◆ PROBLEM TO WORK ON: When you write out the listing, keep each word exactly as it stands but include none of its images.

◆ GIVEN MATERIAL:
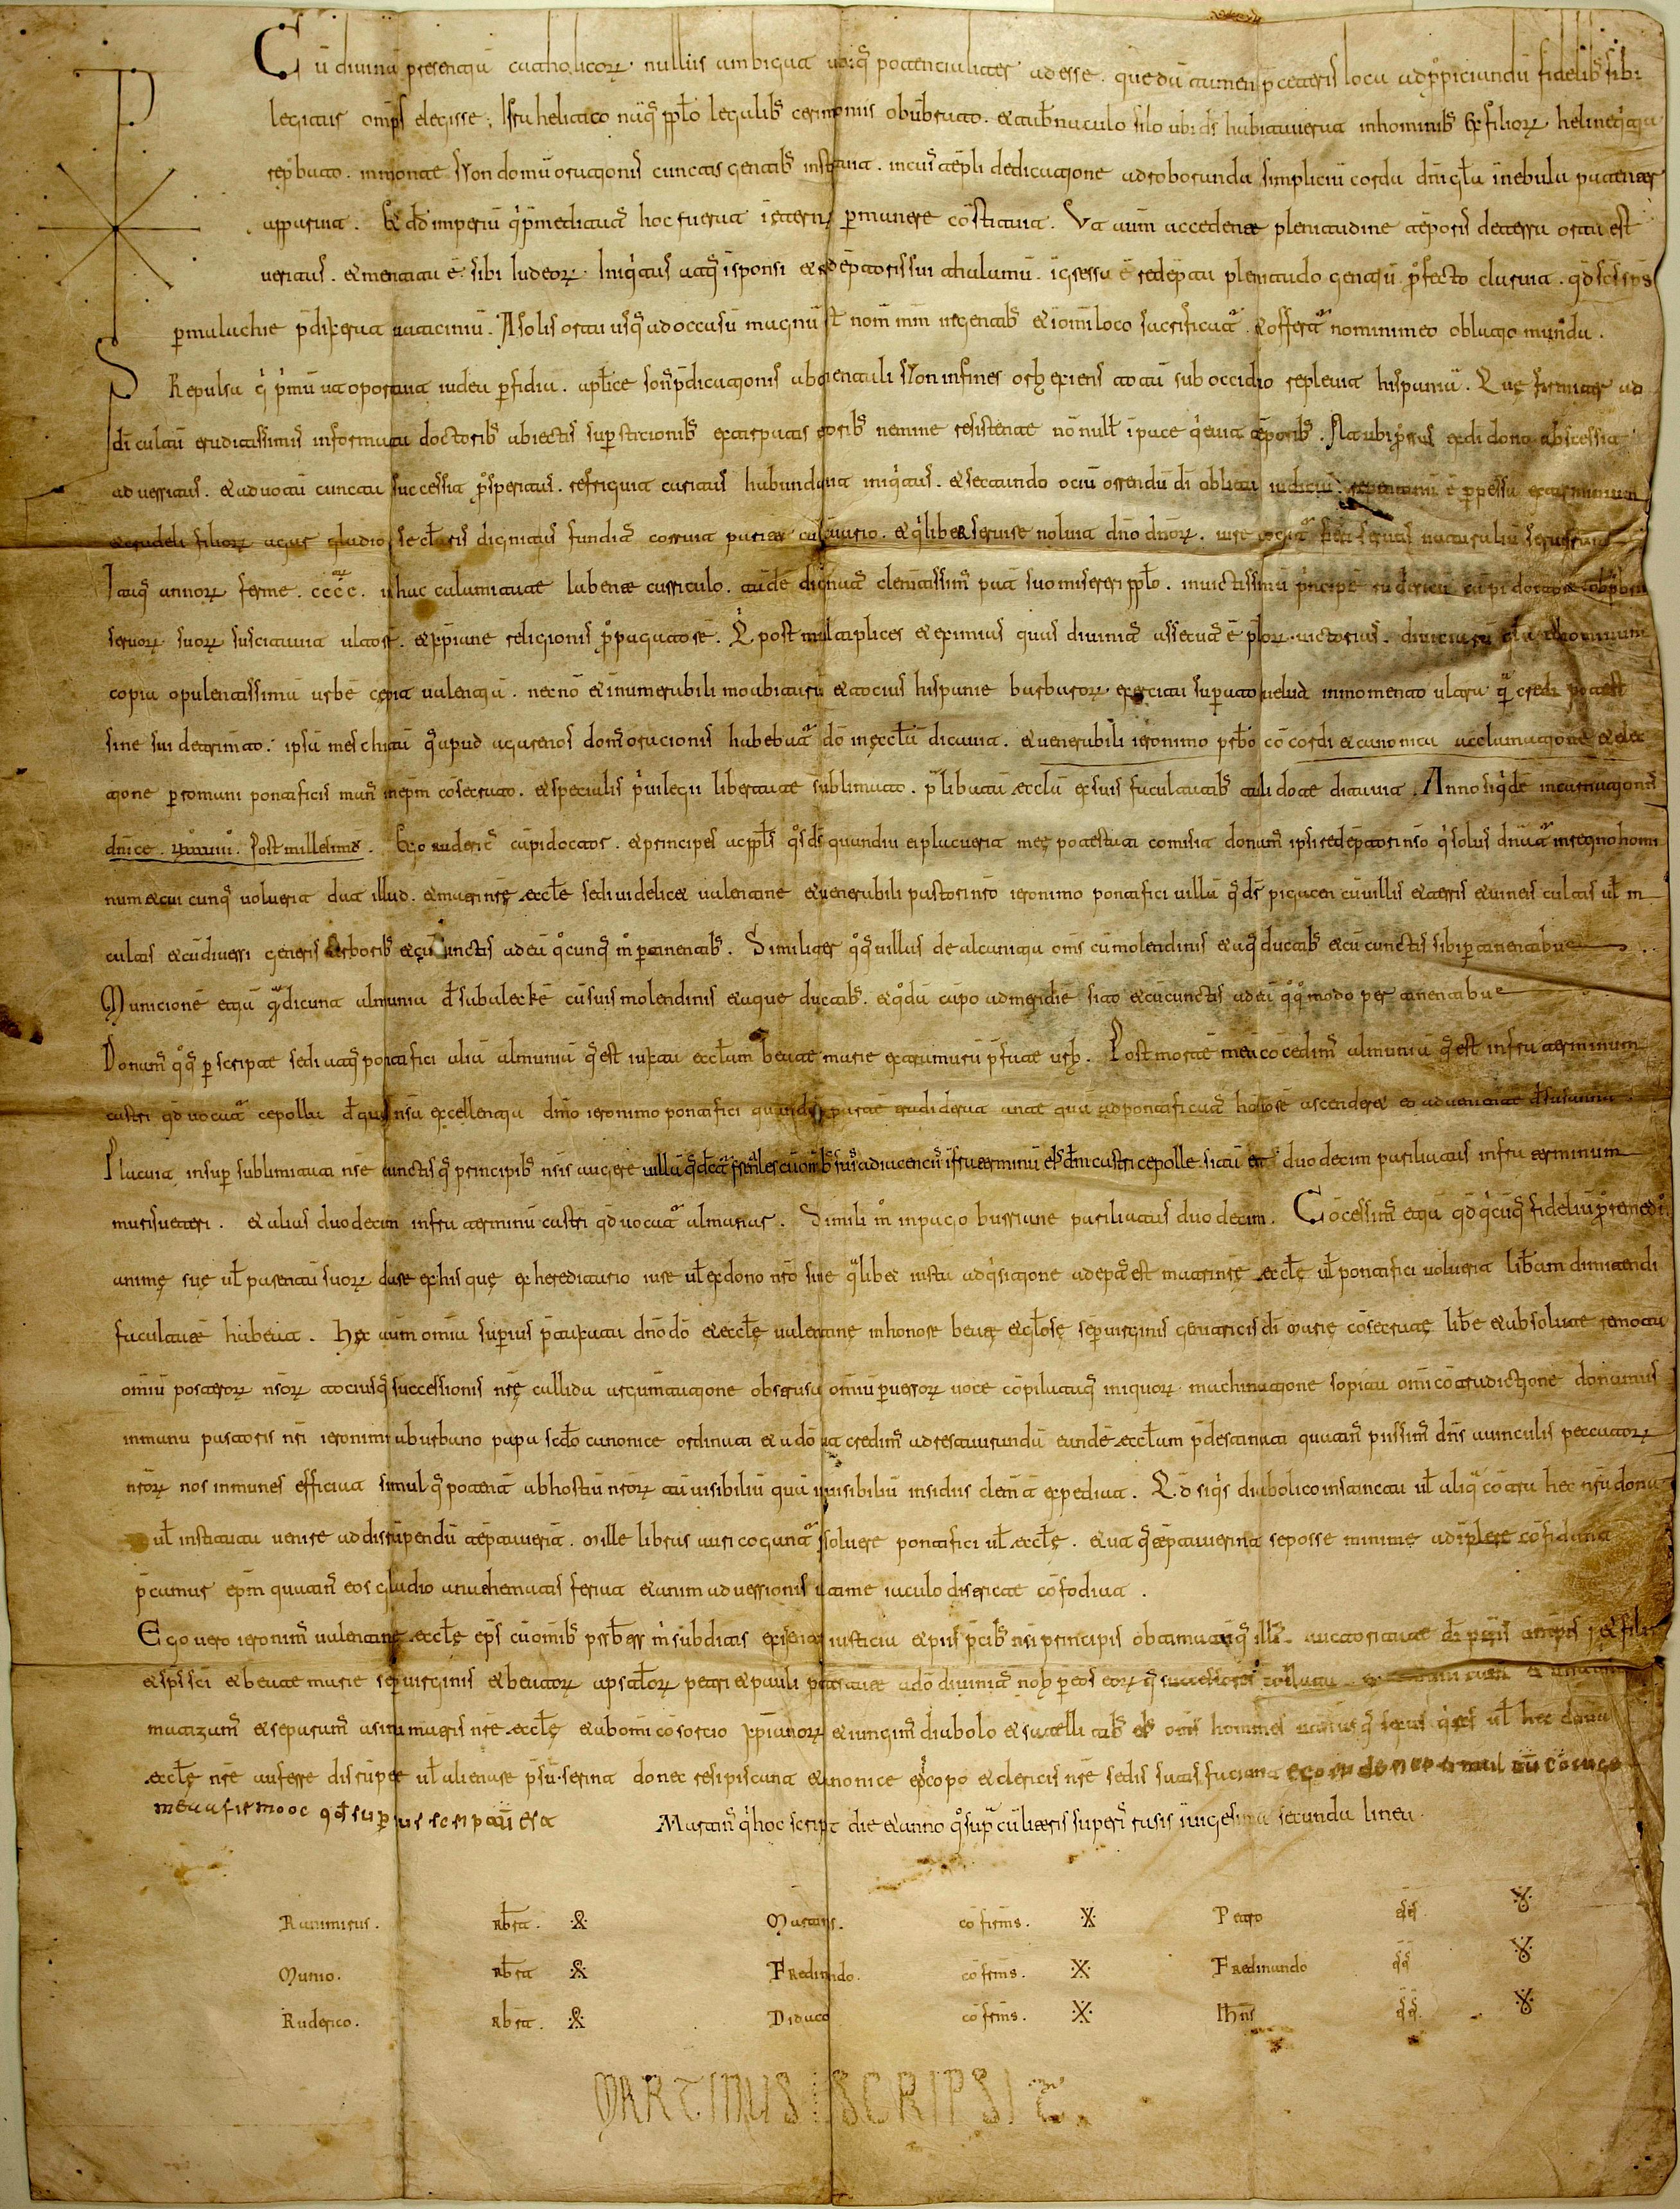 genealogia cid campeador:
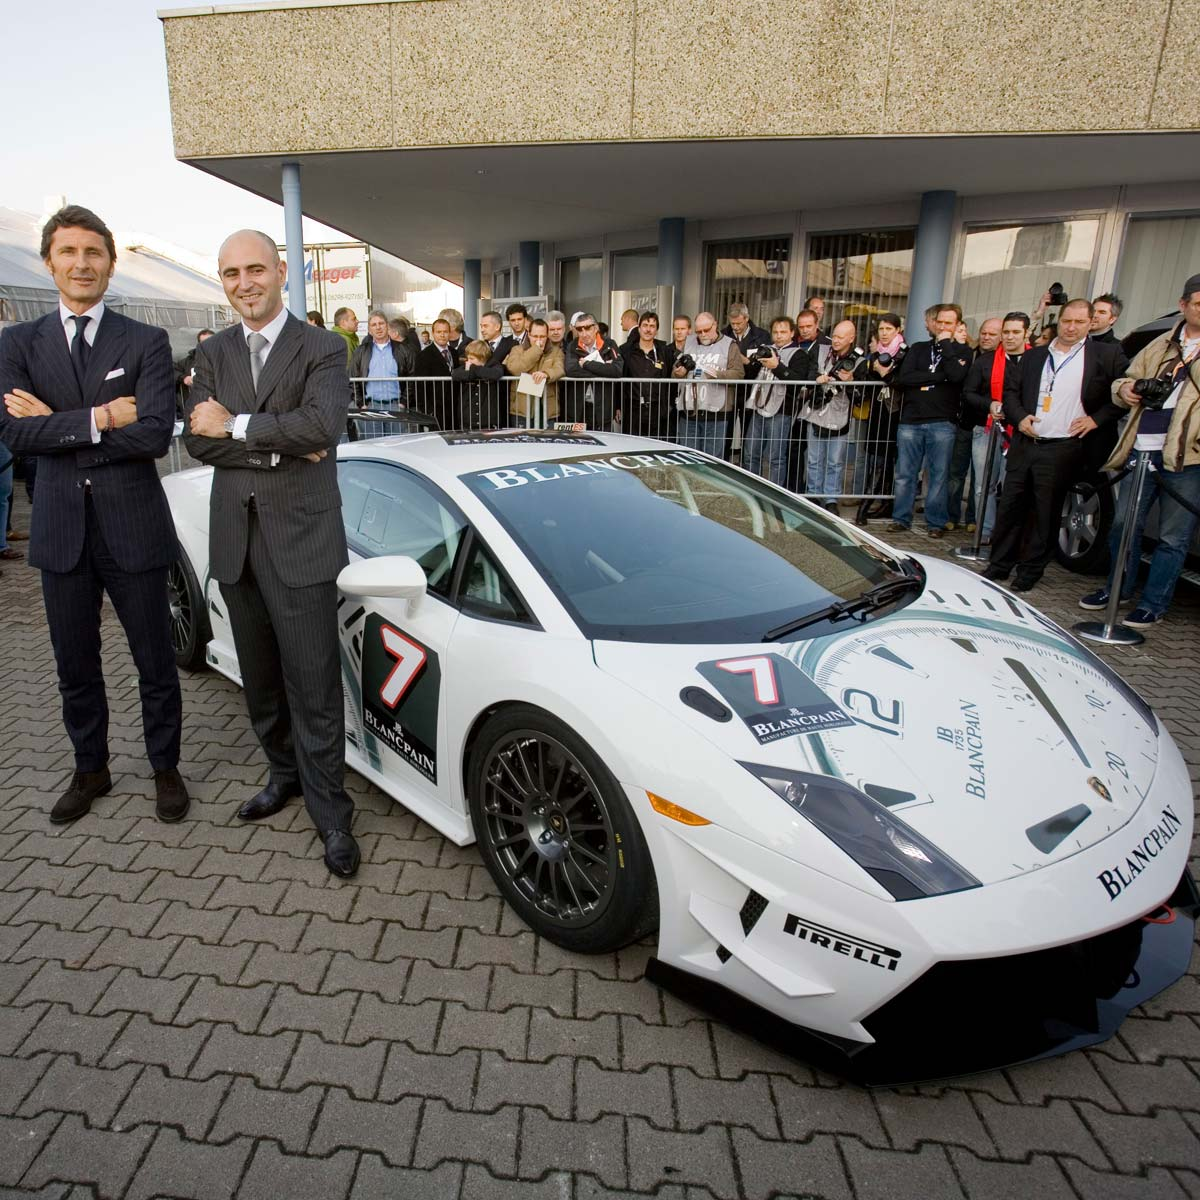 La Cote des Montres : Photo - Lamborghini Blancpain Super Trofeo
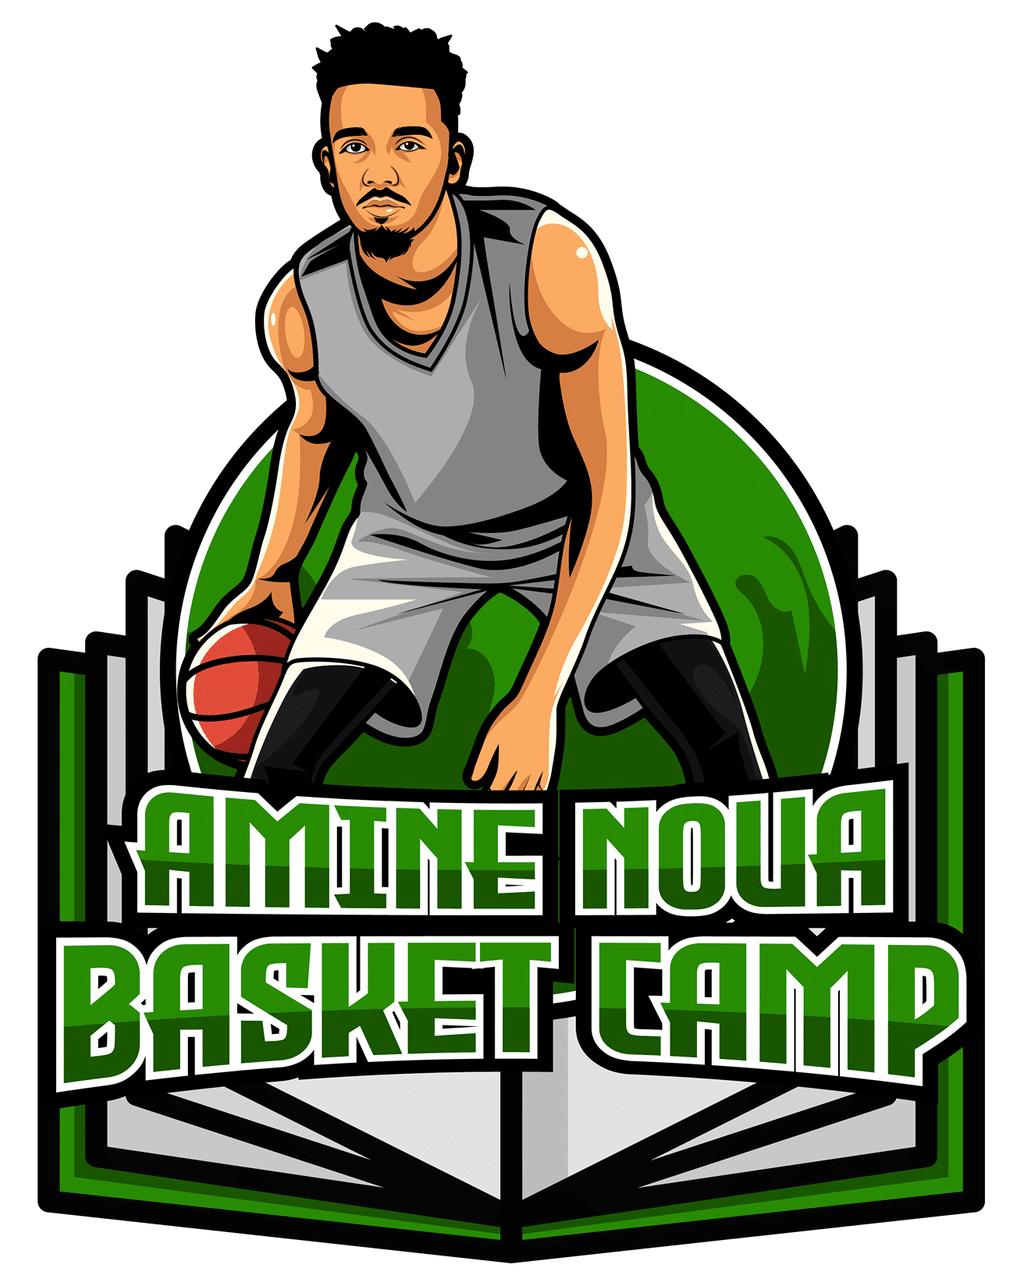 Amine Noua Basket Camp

◆ EXPECTED ANSWER:
 genealogia cid campeador:
 La Cote des Montres : Photo - Lamborghini Blancpain Super Trofeo
 Amine Noua Basket Camp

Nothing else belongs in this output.